Il giorno dopo, cosa resta della Conferenza di Berlino per il futuro della Libia? Nella controversa riunione-fiume tenutasi ieri sotto l’egida della Cancelliera Angela Merkel, i risultati ci sono anche se non sono esattamente quanto quelli sperati dalla diplomazia internazionale: Haftar e Sarraj continuano a non volersi neanche parlare (per di più non controllano l’intera Libia, l’accordo di pace non potrà non tener conto delle tante tribù presenti sul territorio libico), la Turchia e la Russia proseguono nella “spartizione” del Mediterraneo e l’unica voce che si è saputa imporre a livello europeo è una volta di più la Germania. Di certo però, la guerra non è riesplosa tra Tripoli e Bengasi e questo è già un ottimo esito della Conferenza di Berlino che si è chiusa con un “mini-accordo” su tre punti: favorire il cessate il fuoco tra le parti; rispettare l’embargo contro le armi nel Paese nordafricano; evitare le interferenze straniere. Il Premier del Governo di Accordo Nazionale e il Generale della Cirenaica seppur senza firmare ufficialmente la dichiarazione finale di Berlino hanno di fatto accettato queste tre condizioni, promettendo anche un iniziale dialogo per formare un futuro in Libia con un Governo unico. Da qui all’effettiva possibilità di tale opzione però di spazio (e forse anche tempo) nel passa: «L’Italia è assolutamente disponibile ad essere in prima fila anche nella direzione di una missione di monitoraggio della pace», ha spiegato il Premier Conte che ha dovuto però incassare il possibile e prevedibile “predominio” della Turchia sul Mediterraneo in accordo con Putin e la Merkel. Non solo, è l’Europa in quanto tale a trovare la “doppia” risultanza di questa Conferenza: recupera in prestigio e diplomazia, ma si conferma senza una “voce unica” e con poca possibilità di imporre condizioni a confronto di Russia, Turchia e Stati Uniti.

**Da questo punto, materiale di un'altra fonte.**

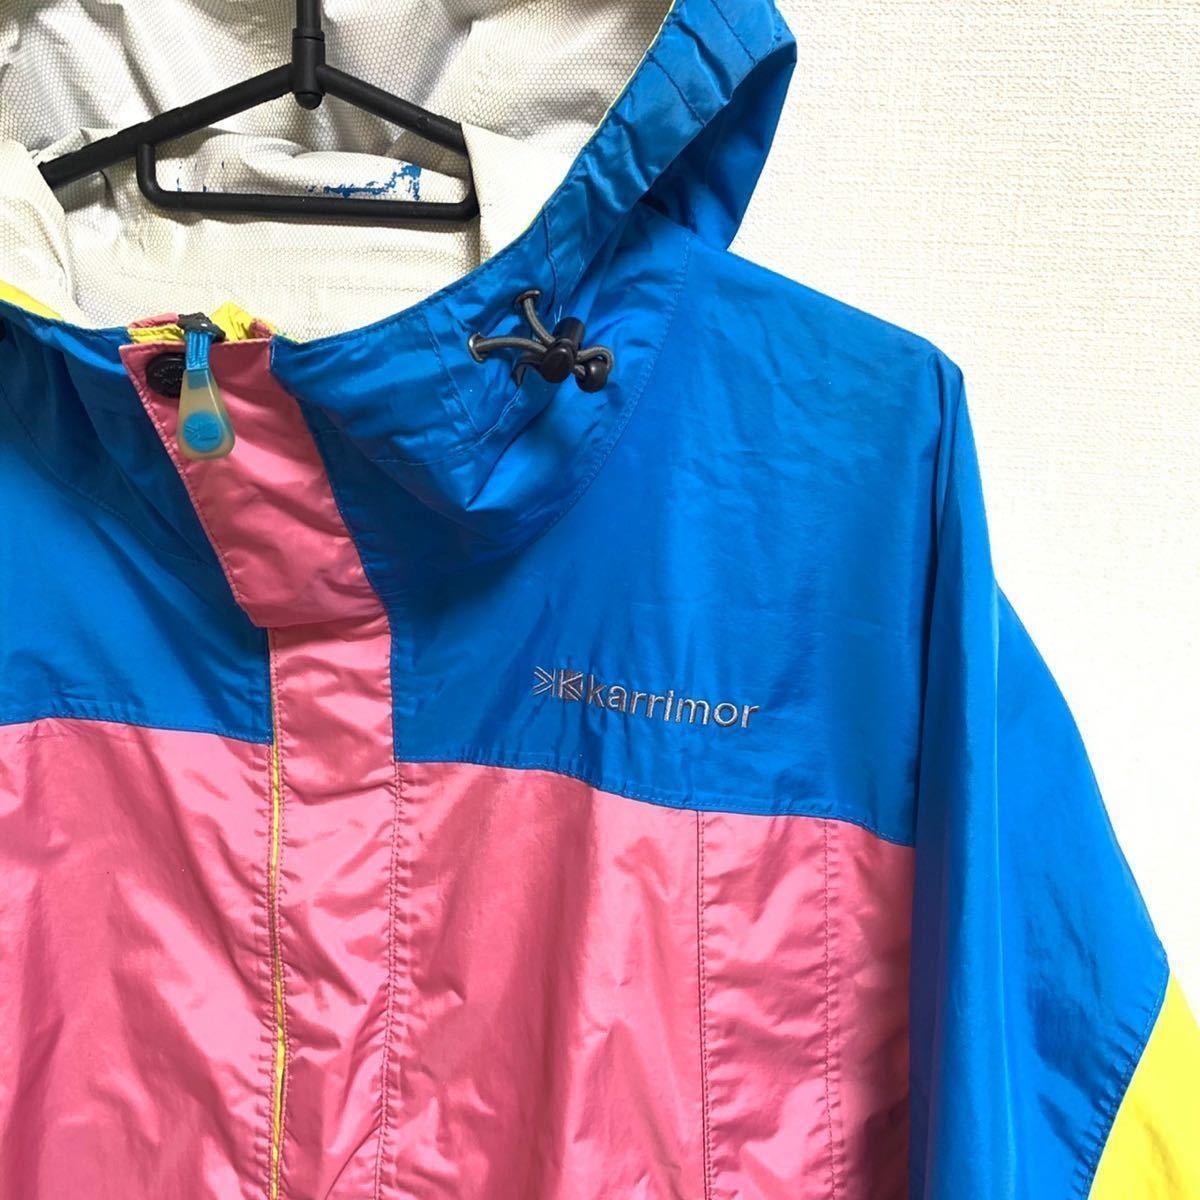 【レア】●karrimor マウンテンパーカー カリマー クレイジーカラー ピンク ナイロン アウトドア クライミング 登山 キャンプ
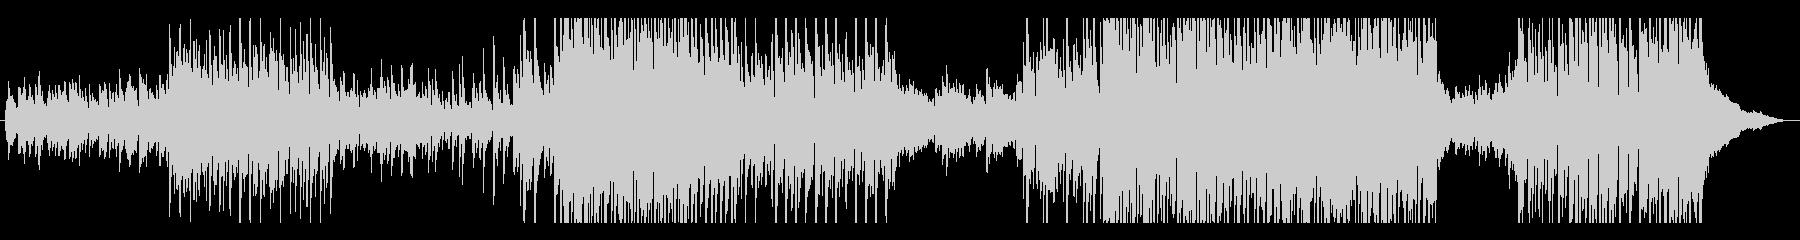 メロディ重視のアコースティック曲の未再生の波形

LIBIA, LE REAZIONI DI UE E TURCHIA AL “MINI ACCORDO” DI BERLINO
«Ieri a Berlino è stata una buona giornata. Abbiamo creato un buono slancio. Dobbiamo usarlo per fare progressi verso una soluzione» è stato il primo commento dell’Alto Rappresentante per gli Affari Esteri dell’Ue, Josep Borrell che arrivando in Consiglio Esteri Europeo si dice favorevole al ripristino della missione navale Sophia per monitorare l’embargo sulle armi in Libia. Non solo, per il successore di Federica Mogherini, non è escluso l’invio di soldati sul campo per mantenere la tregua: «Un cessate il fuoco richiede che qualcuno se ne occupi. Non possiamo dire questo è un cessate il fuoco e poi dimenticarcene. Il controllo dell’embargo sulle armi, ci sono diverse possibilità e i ministri dovranno decidere come aiutare a implementare l’accordo di ieri […] è chiaro l’embargo sulle armi richiede un alto livello di controllo. Se vogliamo mantenere vivo il cessate il fuoco qualcuno deve monitorarlo: le Nazioni Unite, l’Unione Africana, l’Unione Europea… Qualcuno deve farlo. Non possiamo far funzionare il cessate il fuoco da solo». Nel frattempo, mentre l’Europa prova a sondare il terreno sull’eventualità dell’invio di forze speciali in Libia, chi le truppe le ha già sul campo a difesa di Tripoli e di Sarraj si conferma intenzionato a continuare gli sforzi di pace (mantenendo però il controllo sul destino economico e militare della regione): «La Conferenza di Berlino è stata un’opportunità importante per fermare il conflitto e per una soluzione politica in Libia. La Turchia continuerà ad applicare la sua politica costruttiva e pacifica contro le guerre per procura», ha detto sapere il portavoce di Erdogan. Sul fronte italiano, oltre a Conte è il Ministro degli Affari Europei Enzo Amendola a parlare nell’ultimo forum Ansa sul futuro della Libia: «La conferenza di Berlino è un nuovo inizio che fa ben sperare», anche se sottolinea il Ministro Pd «ci sono stati troppi ritardi e troppe divisioni, sono passati troppi mesi e ci sono state troppe interferenze. Ieri sono stati segnati punti importanti nella dichiarazione: il cessate il fuoco che deve essere verificabile, l’embargo sulle armi, il coordinamento tra Paesi che ieri nasce e il dialogo politico che è una necessità perché non c’è soluzione militare».